UnitedHealth Outdoctors The Government
The Justice Department on Tuesday has accused UnitedHealth Group of overcharging the federal government by more than $1 billion through its Medicare Advantage plans. They are alleging “that the insurer made patients appear sicker than they were in order to collect higher Medicare payments than it deserved.” How does this happen? Well, Medicare pays the health plans using a complex formula called a risk score, which is supposed to pay higher rates for sicker patients than for people in good health. It seems UnitedHealth repeatedly ignored findings from its own auditors that risk scores were often inflated.
The lawsuit cites more than a dozen examples of undocumented medical conditions, from chronic hepatitis to spinal cord injuries. At one medical group, auditors reviewed records of 126 patients diagnosed with spinal injuries. Only two were verified, according to the complaint.
It never ceases to amaze me how greedy these insurers are. They do NOT lose money. Sure they got a little squeezed by the ACA but they had exit guarantees that made the move less risky. Add to this that they raised ALL the rates outside of the exchange and they won big. You can see their profits and their stock prices if you don’t believe me. But that wasn’t enough. They had to cheat even more by making patients “sicker” then they are or by making up diagnoses when they needed to.
I guarantee they pay a minimal fine for this when it is all said and done. And the taxpayers will lose again.

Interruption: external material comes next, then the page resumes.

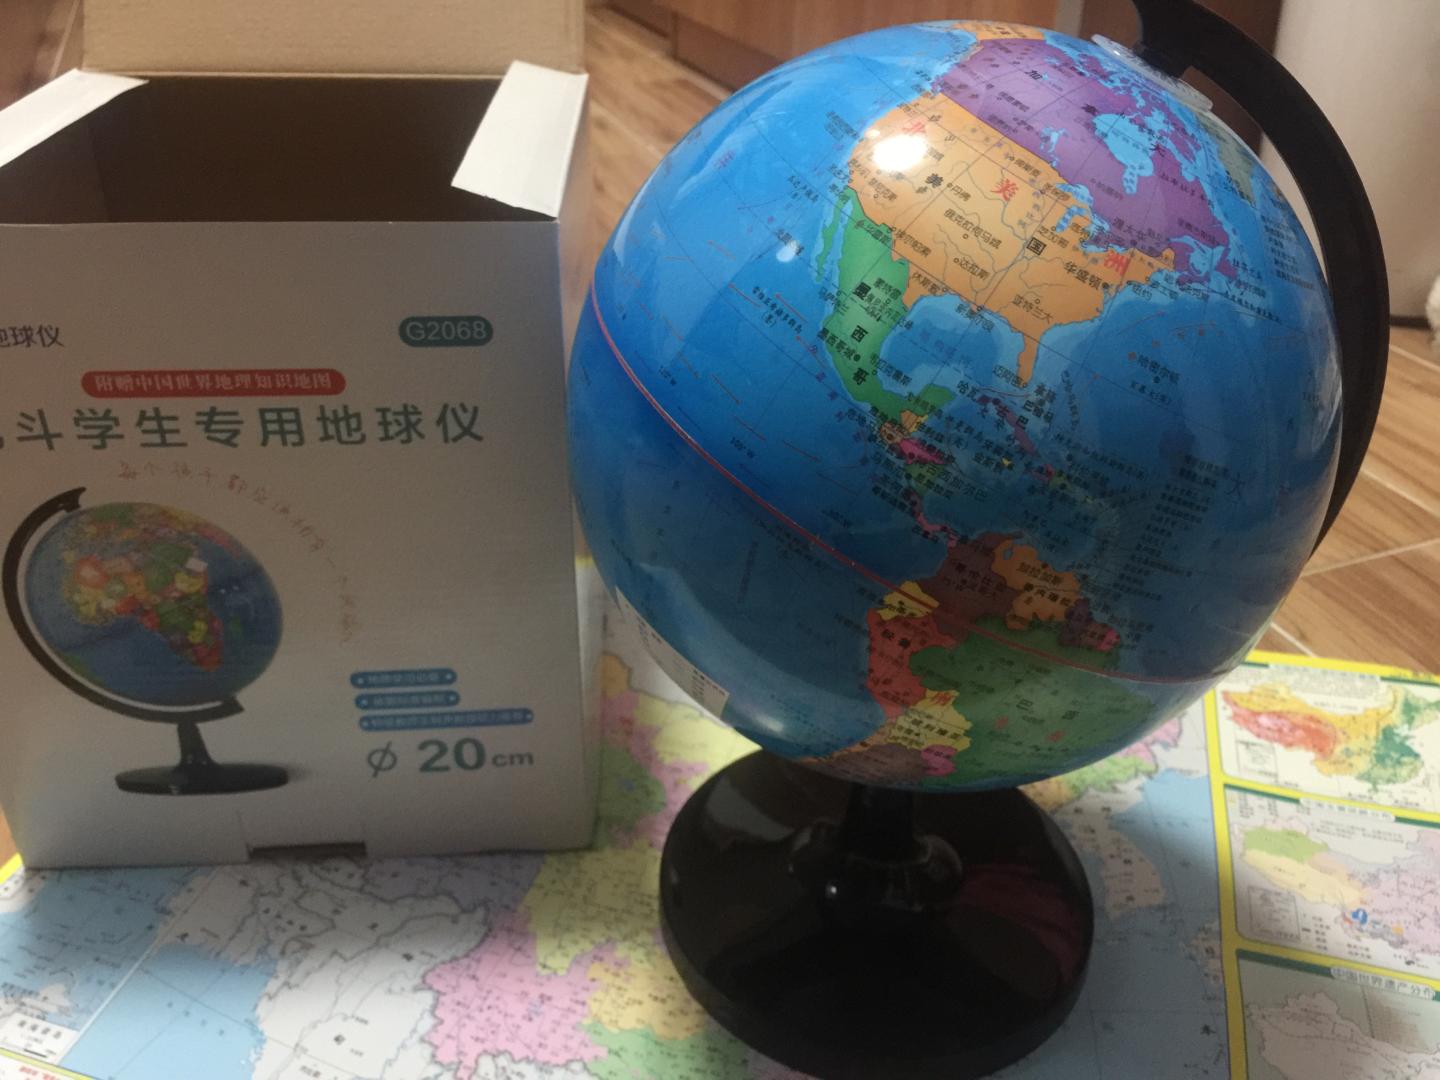 地球仪挺好的，以前没买过也不太会选，发现网上地球仪各种各样价格差好多。但是我收到货后发现自己选的很不错，包装完好，球上面的字印刷清晰，颜色鲜艳，大小合适。地理老师推荐购买的，认识世界足够了。送了一张地图，一面中国一面世界，非常满意。

Trust us, we’re businessmen! We have a fiduciary obligation to our shareholders to do what is in the best, short-term interest of the corporation! and more such drivel from the lying lips of lying businessmen / women lying for the shareholders. For profit corporate medicine on this scale can never be trusted to do anything but cut corners, rig the scales and game the system. I estimate fine of $50 million plus clawback of estimated overcharges. still a drop in the bucket and bet the ceo, cfo and coo will not incur personal losses or penalties.
No deterrence so they will try again in the future!
UHC has a long history of fines for taking advantage of patients, providers, other payers and even their own stockholders. That’s why they manage to eke out $10 billion yearly. I suspect this is just the proverbial tip of the iceberg.
And at the same time, physicians are being hounded to death to practice “cost-effective medicine” – every penny we save goes straight to the profit line of these insurance monsters.
Ah, crony capitalism at its finest. A local physician overcoded her Medicaid visits and got fined $450K. United probably won’t even get that much penalty.